Rebecca smiled, and eagerly ran to the bench and sat down. She sat up straight and propped her hands on her lap. Why is she so excited? Kraken wondered.
"So," Rebecca started, "how ya feeling?"
"Uh," Kraken responded, scratching the back of her neck, "I think I'm feeling alright."
"Well that's good. How did your parents take it?"
"I—I'd rather not discuss that."
There was a momentary silence. Rebecca had been left with a discussion ender.
"Well," she attempted again, "how was your day yesterday?"
"Um, it was okay."
"Did ya do anything exciting?"
"Uh...no, not really."
"You seem kinda down today, hon. Something the matter?"
Kraken paused. "No, I'm okay," she said. "I'm just not feeling very talkative, that's all."
"Ah," Rebecca understood. "I see."
The momentary silence returned once again, but Kraken was the one to break it.
"Why are you so excited to talk to me?" she asked.
Rebecca turned to her. "What? What do you mean?"
"Well, like, why do you seem excited to be around me?"
Rebecca furrowed her brow. "'Cause I'm happy to see you! I enjoyed talking to you the other day. And I was excited to see you today."
Kraken looked down. Excited to...see me?
Rebecca smiled. "I haven't had a friend in a long time. It's kinda cool to have one."
Kraken looked back up, shock plastered on her face. "F—f—friend?"
"Well...yeah. I mean...that's what I thought..."
Kraken had really liked Rebecca. She too had enjoyed their walk together. But she hadn't thought so far as to think...that they were...friends.
"You mean," Kraken asked shyly, "that w—we...are..."
Rebecca lifted her chin, edging for her to finish her sentence. "Yeah, keep going," she goaded, making a circle-motion with her hand.
"Well...you mean...we are...are..."
"C'mon, girl! Spit it out already!" Rebecca yelled.
Kraken leaned back at the outburst. "We're f—friends?"
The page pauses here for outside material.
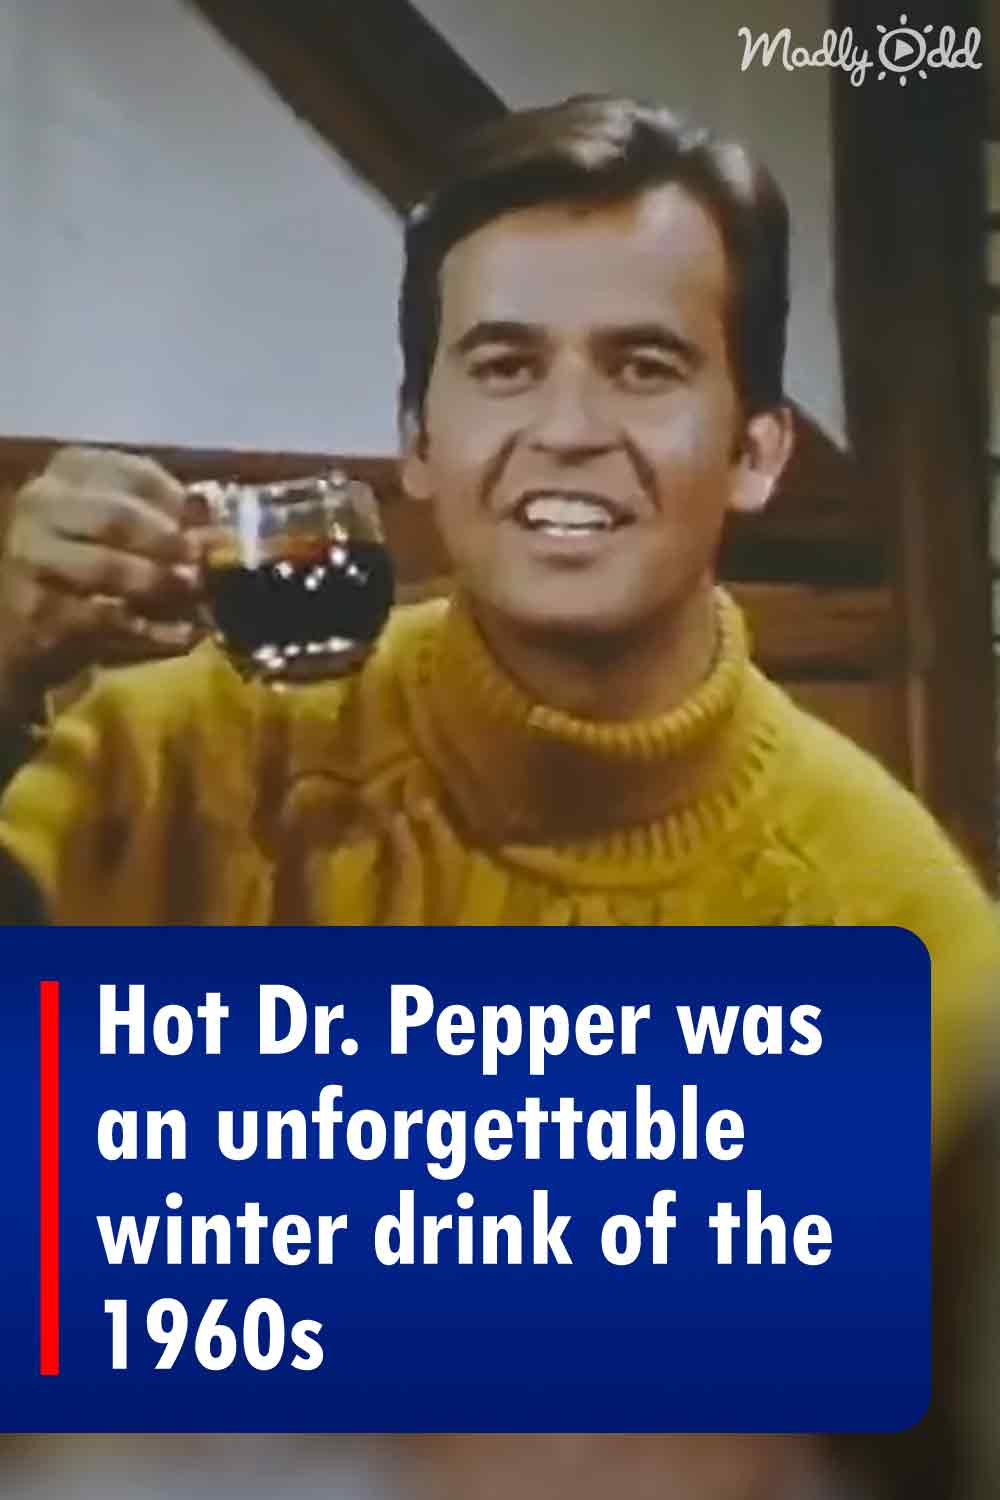 Hot Dr. Pepper was an unforgettable winter drink of the 1960s
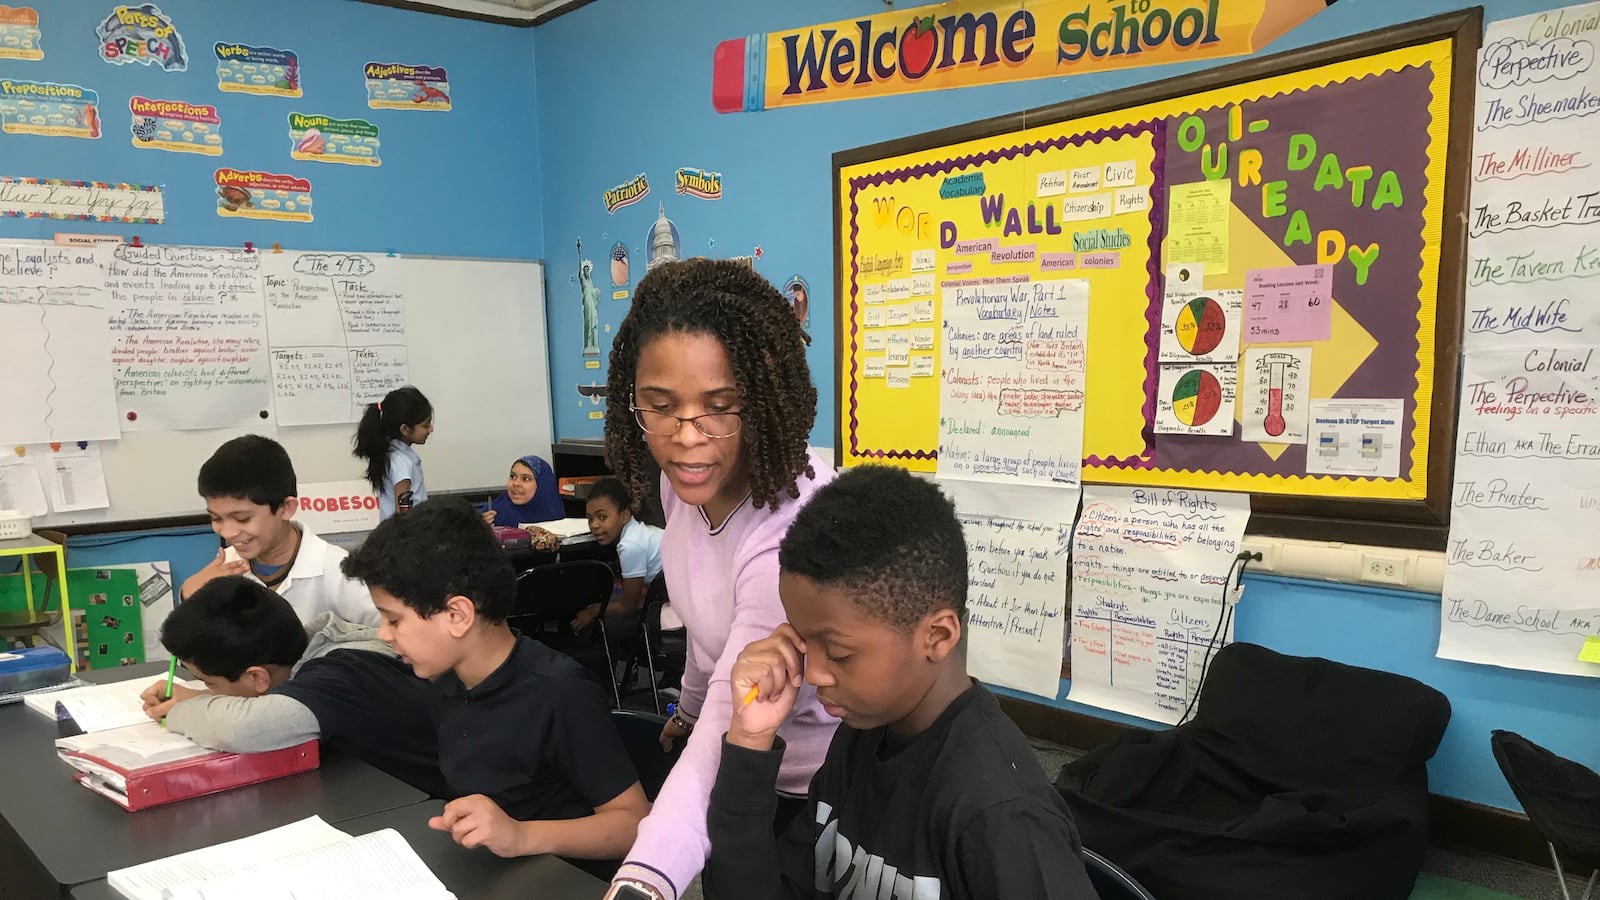 Kenya Posey, who teaches fourth-grade English language arts and social studies, works with students during a recent lesson.

Rebecca's smile grew even larger. "Yeah! There you go!"
But Kraken didn't smile back, and that concerned her. "What's the matter?" she asked.
Kraken lowered her gaze to her fiddling hands. "I've—I've never had a—I mean, I used to, but they—they weren't really—"
Rebecca rolled her eyes and groaned. "Kraken, are we gonna do this all day?"
Kraken squeezed her eyes shut and ceased her hand-fiddling. "I'm sorry, Rebecca. I get kinda stupid when I talk about stuff like this."
"What? Stuff like what?"
Rebecca was officially confused. "Um, explanation, please?"
Kraken winced. "Sorry. The thing is...I used to have friends. But they kinda, for lack of a better word, dumped me. And so...I kinda have a hard time with friendship, if...that makes sense..."
Rebecca understood, and she was not happy about it. "Dump?" she questioned. "Dump you? Why would they dump you?"
Kraken commenced with her hand-fiddling. "It's kinda a long story."
Rebecca nodded with a frown.
"I'll tell you later, okay?"
Rebecca looked back up at her friend. And her smile returned. "You know you don't have to, right?" she asked. "I'm not forcing you or anything."
Kraken shrugged. "Well, isn't that what you're supposed to do in a friendship? Trust each other with secrets? I mean, not that I'm an expert or anything."
Rebecca chuckled. "I guess so. So does that mean you'll tell me your real name too?"
Kraken jumped. "What? My real name?"
"C'mon, did you really expect me to believe that your real name is Kraken?"
Kraken blushed. "I...kinda did..."
Rebecca laughed. "So are you gonna?"
Kraken thought for a second, and then nodded. "Sure, I will. But later, okay?"